A ball is shot from a compressed air gun at twice its terminal speed

The magnitude of the drag force is given by

Fd = -1/2*rho*v^2*Cd*A.

Where rho is the density of air, v is the velocity, Cd is the drag coefficient, and A is the cross-sectional area.

At the terminal velocity, vt, this will be equal and opposite to the gravitational force

1/2*rho*vt^2*Cd*A = m*g

Now, because the drag force is proportional to the square of the velocity, if we double the velocity the magnitude of the drag force will increase by a factor of 4.

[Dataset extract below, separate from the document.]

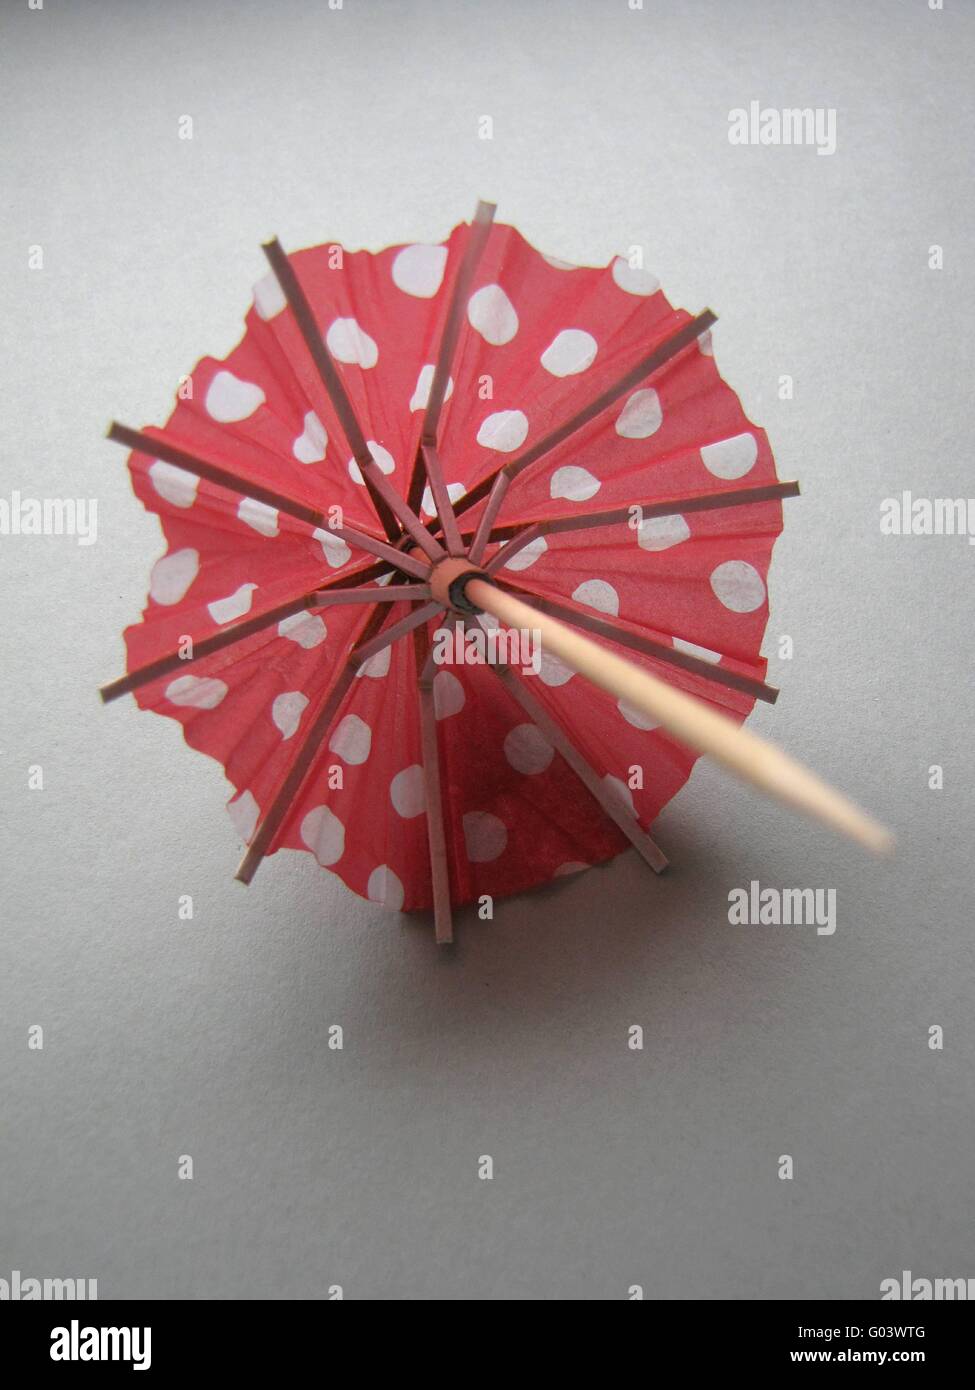 Cocktail umbrella Stock Photo

Fd = 1/2*rho*(2*vt)^2*Cd*A
Fd = 1/2*rho*4*vt^2*Cd*A
Fd = 4*(1/2*rho*vt^2*Cd*A)
Fd = 4*m*g

So the drag force is 4 times the acceleration due to gravity, and

m*a = 4*m*g
a = 4*g

the acceleration is 4*g.

This drag force will always act in the direction opposite to the motion of the ball. When the ball is shot straight up gravity and the drag force will be acting in the same direction. So

a = 4*g + g
a = 5*g.

When the ball is fired downwards the drag force will be acting in the opposite direction to gravity.

a = 4*g - g
a = 3*g